Winds of the Storm
He smiled and placed a soft kiss on her forehead. “So I’m learning.”
“Women have obviously come to you too easily.”
“That’s not been the case with you.”
“I’ll take that as a compliment.”
His fingers were idly stroking the edge of her jaw and the side of her neck. Each languid pass stoked the embers of her desire.
Then he asked, “Where will you go when you leave New Orleans?”
She shrugged. “I don’t know. West maybe.”
Archer didn’t like the idea of her leaving, but because he knew her true identity, he also knew her leaving would be a foregone conclusion. “What would make you stay?”
Zahra looked into his eyes. The seriousness she saw there gave her pause. She knew the answer he sought, but she had to tell him the truth, for once. “I can’t stay, no matter what is offered or promised.”
“I admire your honesty.”
He reached out and slowly traced her mouth. The sweet sensation closed Zahra’s eyes. “Do you know what the word papillon means in English, chérie…”
Before she could respond, he leaned in and placed a humid kiss against one parted corner of her lips, then offered the same kiss to the other side of her mouth. His fingers slid down her throat and then across her collarbone.
“Do you?” he whispered, lifting her chin so he could see what he could of her eyes in the golden mask.
“No,” she finally responded. Sensations were spreading though her like warm sunlight.

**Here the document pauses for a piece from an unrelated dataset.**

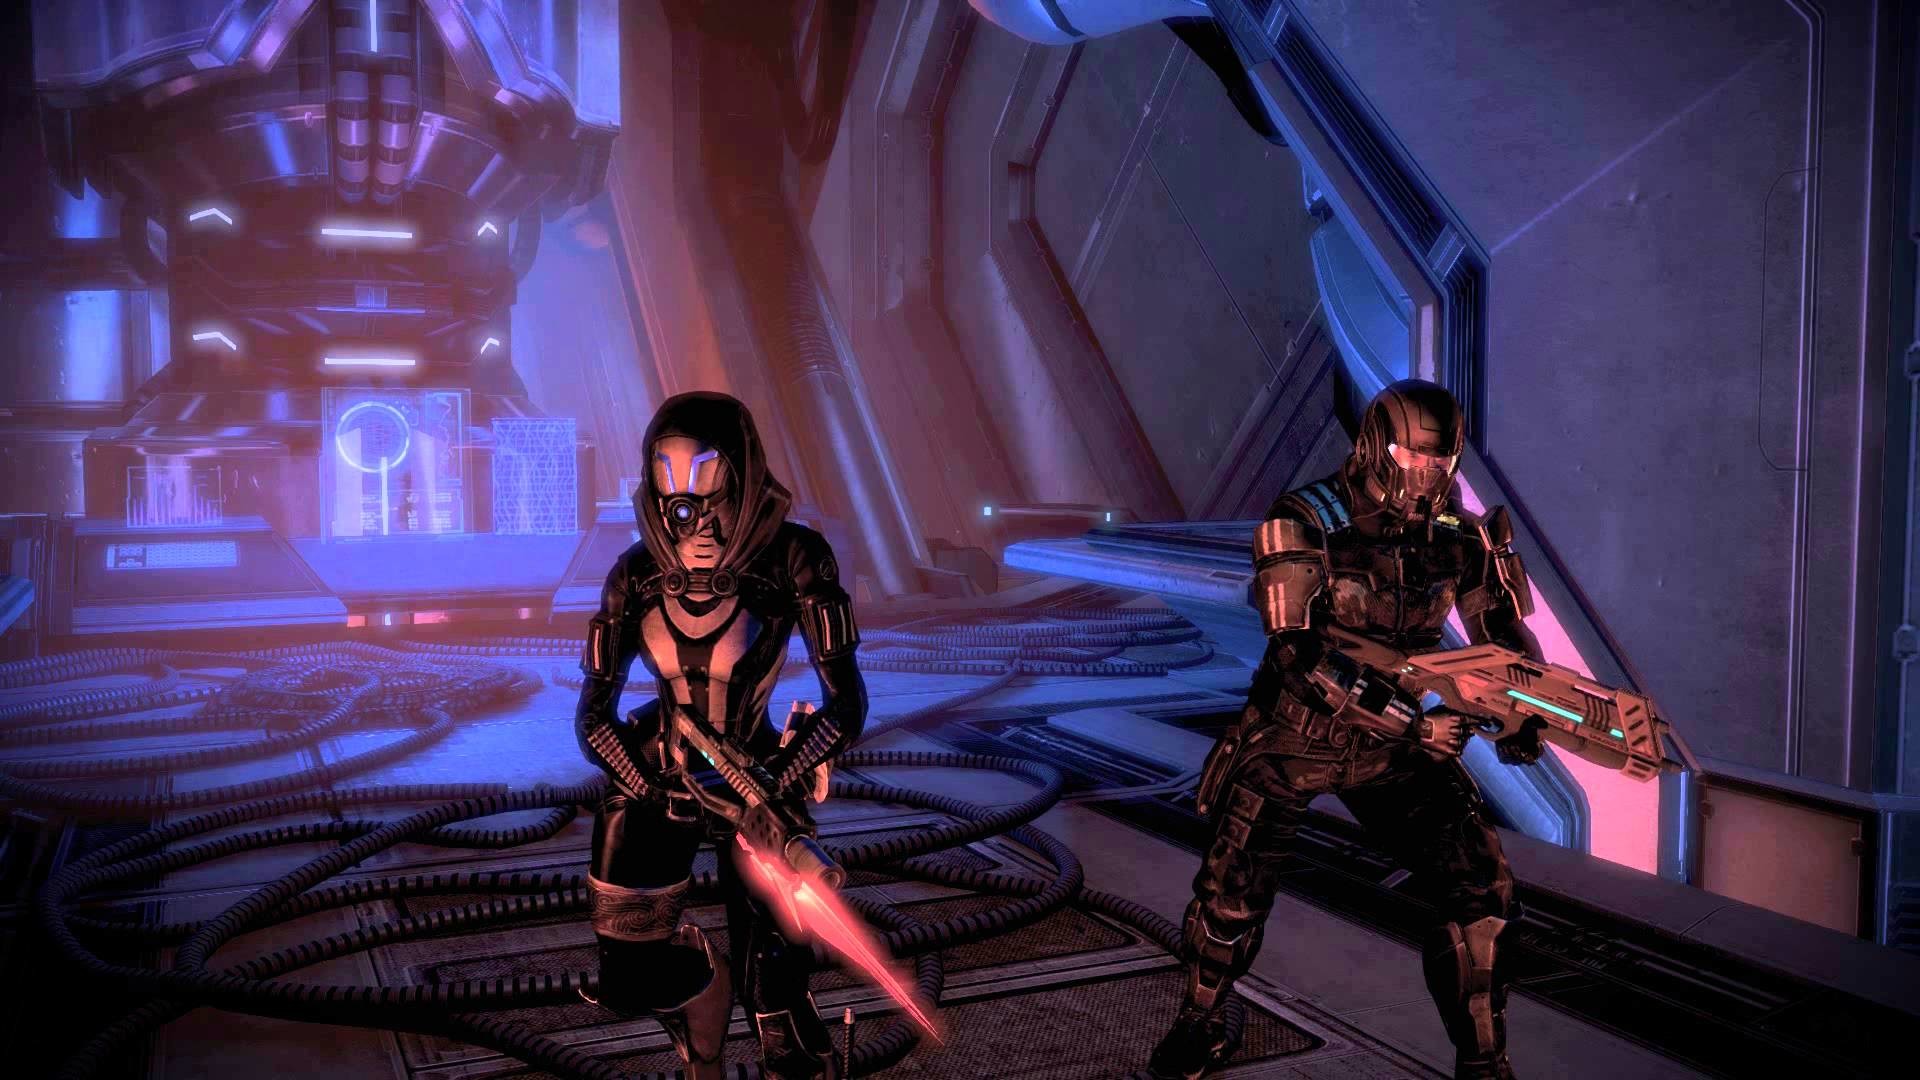 1920x1080 Mass Effect 3 Tali and Kaiden Ready for Battle Dreamscene Video Wallpaper
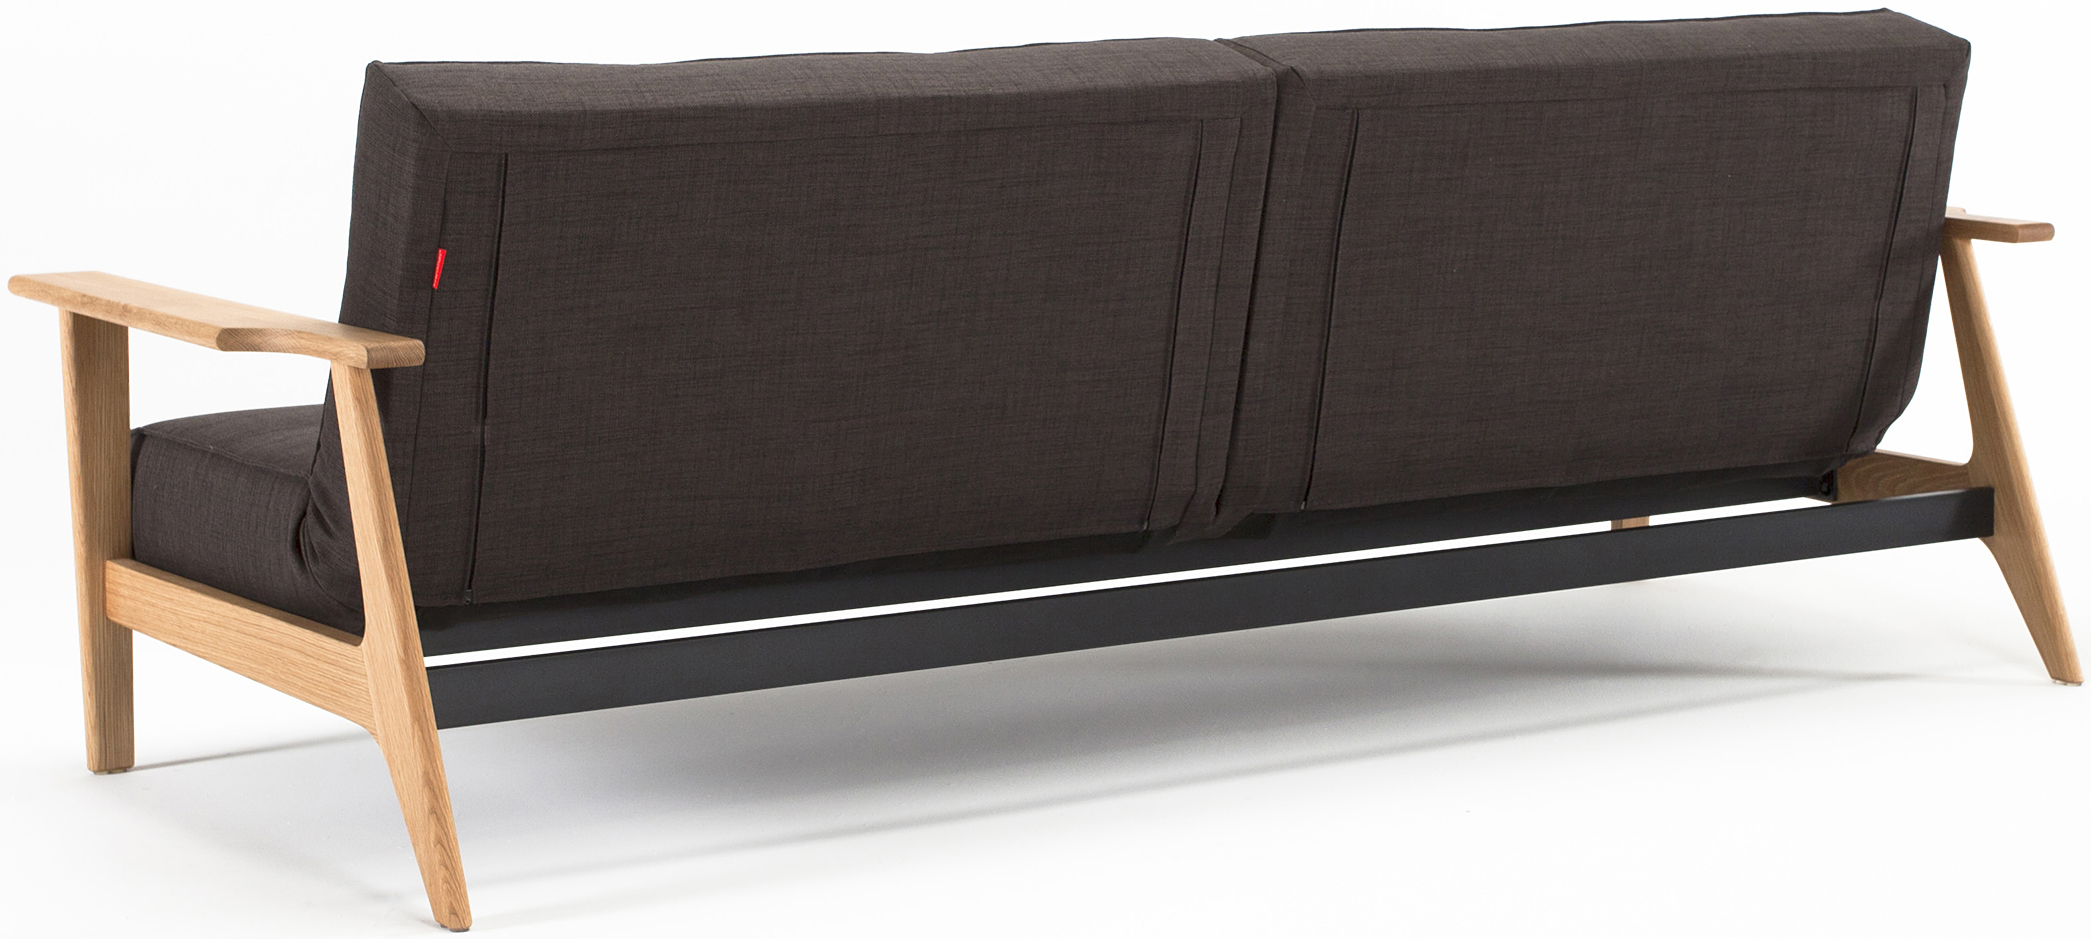 innovation living sofa splitback begum dark brown

He placed his lips against her ear and husked out, “It means…‘butterfly.’”
Zahra stiffened. For a moment, she wasn’t sure what this meant, but when he winked at her boldly, she leaped off the sofa. “Damn you, Archer Le Veq.”
But his smile remained. “What’s wrong?”
“Who told?”
“No one.”
“Then how’d you find out?”
“From you.”
Archer could see the confusion on her face. “It was your razor. The one you scared Lynette with is the same one you used to cut me down in that barn.”
Zahra threw up her hands. Trust him to have such an acute memory. It had never crossed her mind that something as mundane as a razor would be her undoing. “Dammit!” she swore.
He chuckled.
“This isn’t funny, Le Veq.”
“Maybe not to you, but I knew you were a fraud from the moment I placed your hand on me. You’d never held a man like that before, had you?”
She didn’t lie. “No.”
The heat in his eyes made her desire return.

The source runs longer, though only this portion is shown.